All northern tribes used these canoes, Simula said. There were differences between tribal forms because the canoes were built to the waterways that they were paddled on, and expanded on local material availability and technique preference.
It is all this history that makes Simula passionate for the birch bark canoe.
“There is a distinct beauty to the well-made birch bark canoe,” he said. “There’s something to be said about a canoe used for thousands of years.”
Simula built bark canoes for 15 years at Grand Portage National Monument, and in talking with visitors about the canoes, he said he found a number of common misconceptions. One is that many people think the white bark is on the outside. The reality is that the inside of the bark, which initially is yellow, then fades in sunlight to orange or red and eventually to white, found on the outside of the canoe. Also, people tend to think a birch bark canoe is easily made and quickly put together. Really, a functional canoe relies on good design, craftsmanship and select, durable materials. People have crossed Lake Superior in these canoes—they have to be made well.
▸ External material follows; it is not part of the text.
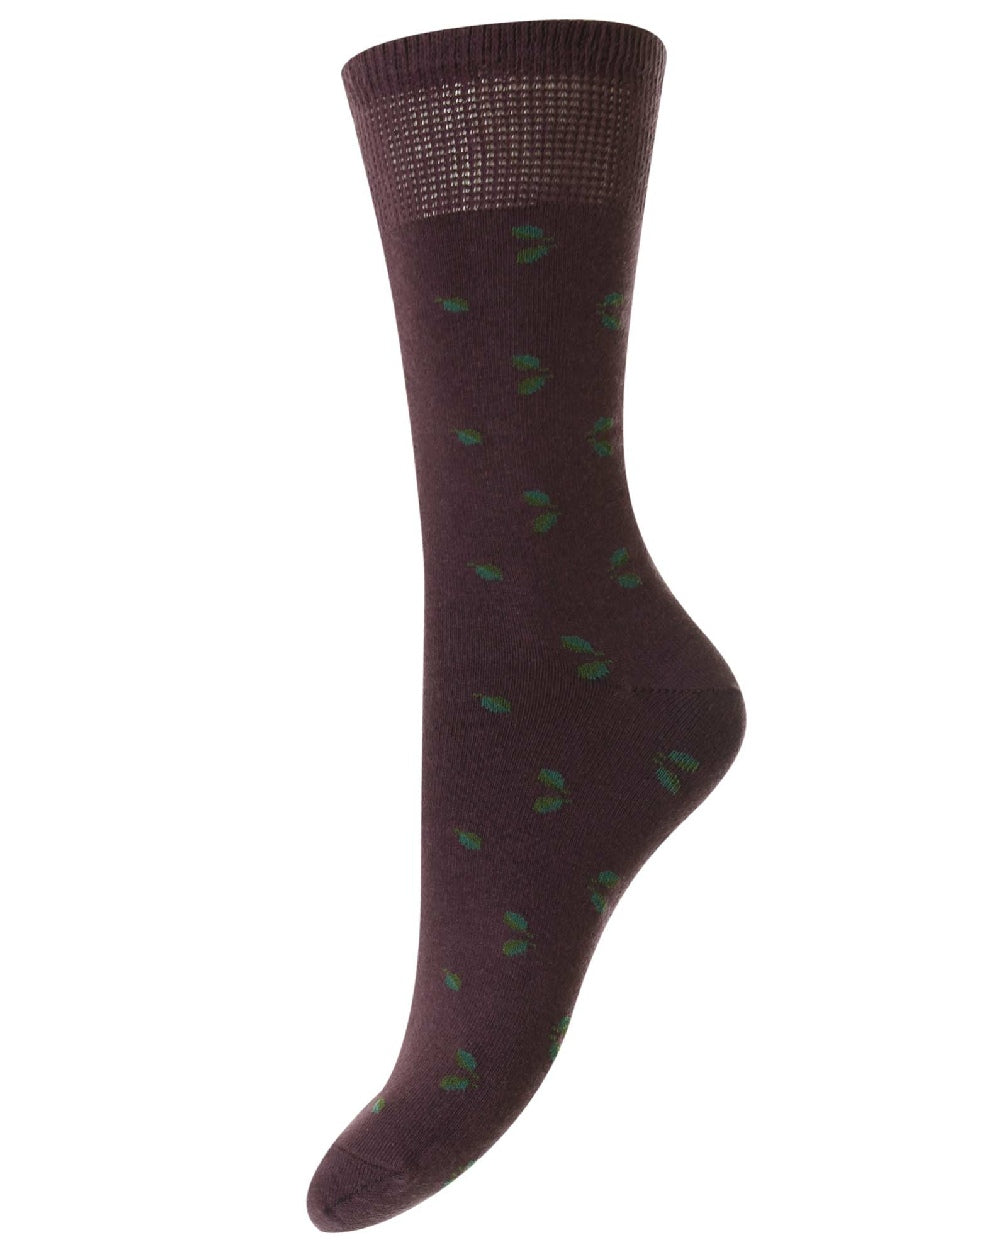 HJ Hall Leaf Cotton Comfort Top Socks in Grape

In the last 20 years, Simula said there has been a resurgence of interest in birch bark canoes and this reflects the greater interest in retaining other aspects of traditional native culture, including native languages.
In 2009, Simula and his dog, Kitigan, paddled 1,000 miles in four months in his birch bark canoe.
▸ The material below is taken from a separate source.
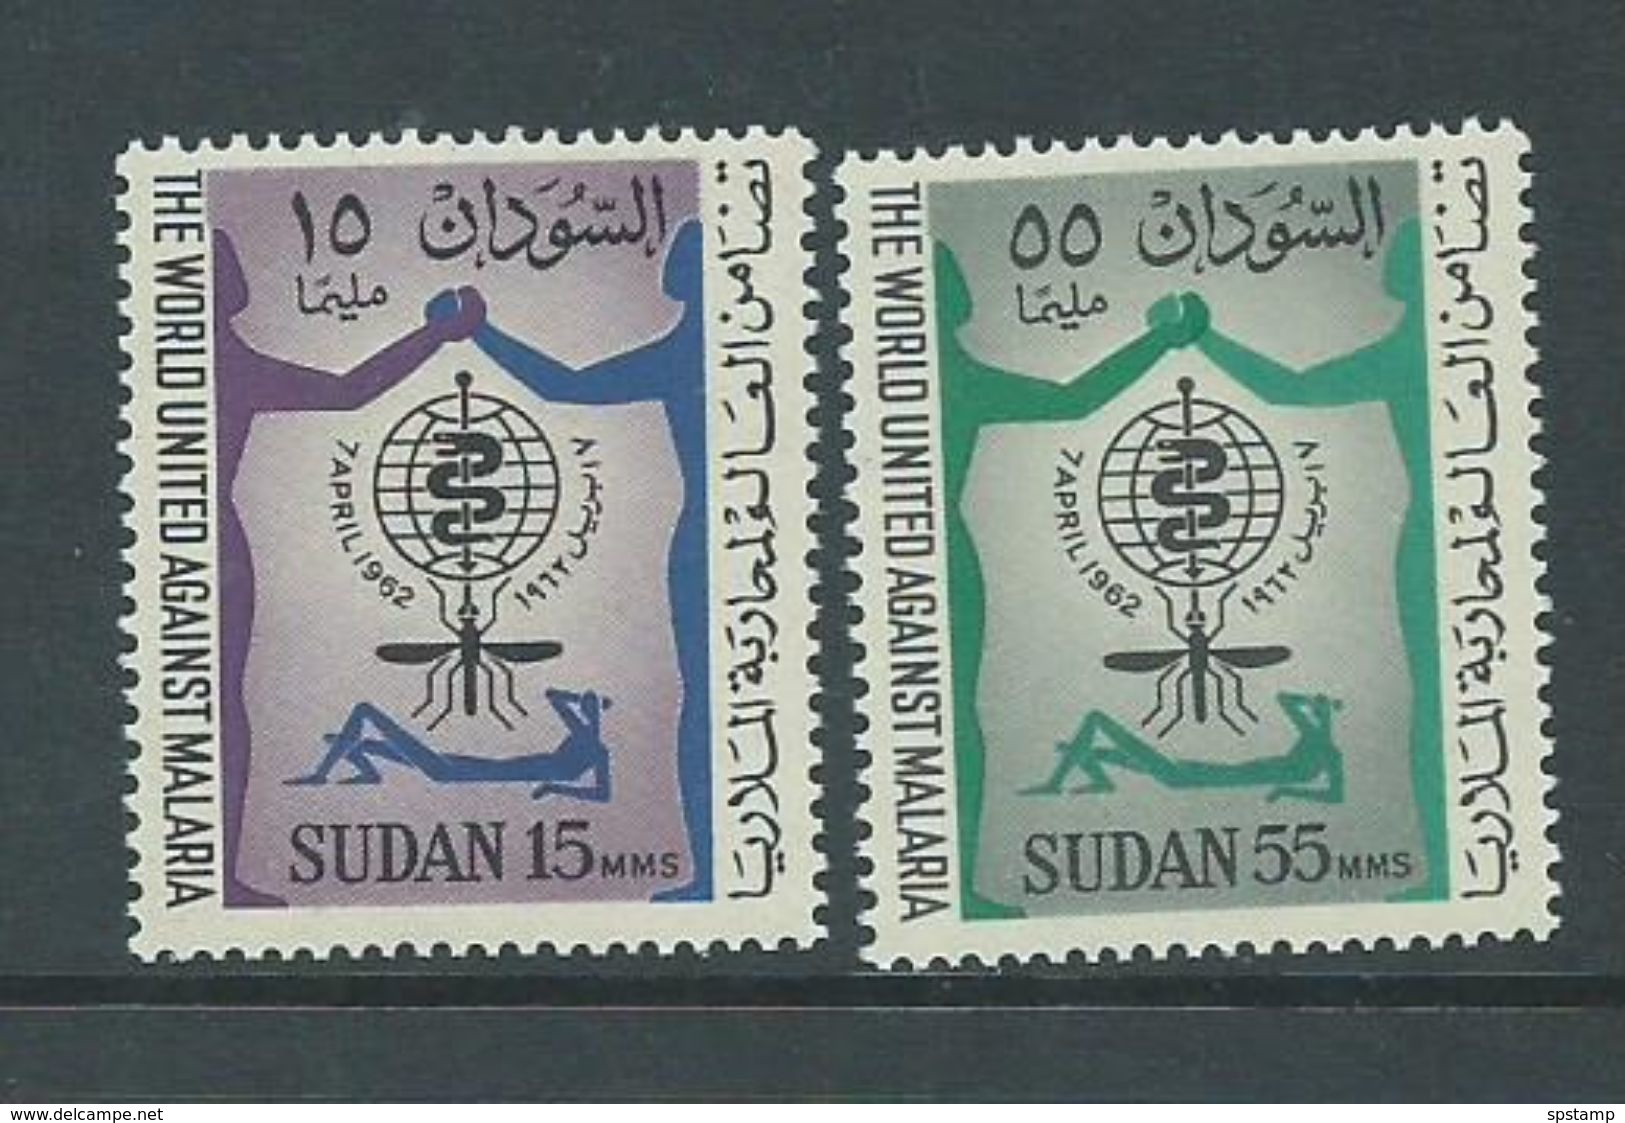 Sudan 1962 WHO Malaria Eradication Set 2 MNH - Sudan (1954-...)

“I wanted to paddle the Arrowhead Region where I grew up. It was a way of living for me, to visit friends and family and take side routes.”
Halfway through the trip, he had to replace a two-foot section of bark on the hull of the canoe. But this is another thing Simula likes about the birch bark canoe. If you need to repair it, you can.
Though it’s not easy to maintain. You have to learn about pitching and keeping the bark supple. Yet, Simula said, if you’re in a bark canoe, and you hit a rock, you might get a scratch, but the hull is really durable.
For Simula, the love of paddling a birch bark canoe is encompassed by the history and tradition of the material. But more than that he said, “it is a spiritual experience. Think about the natural materials—cedar, bark, root, pitch. If you’re in tune with nature, it’s a powerful connection.”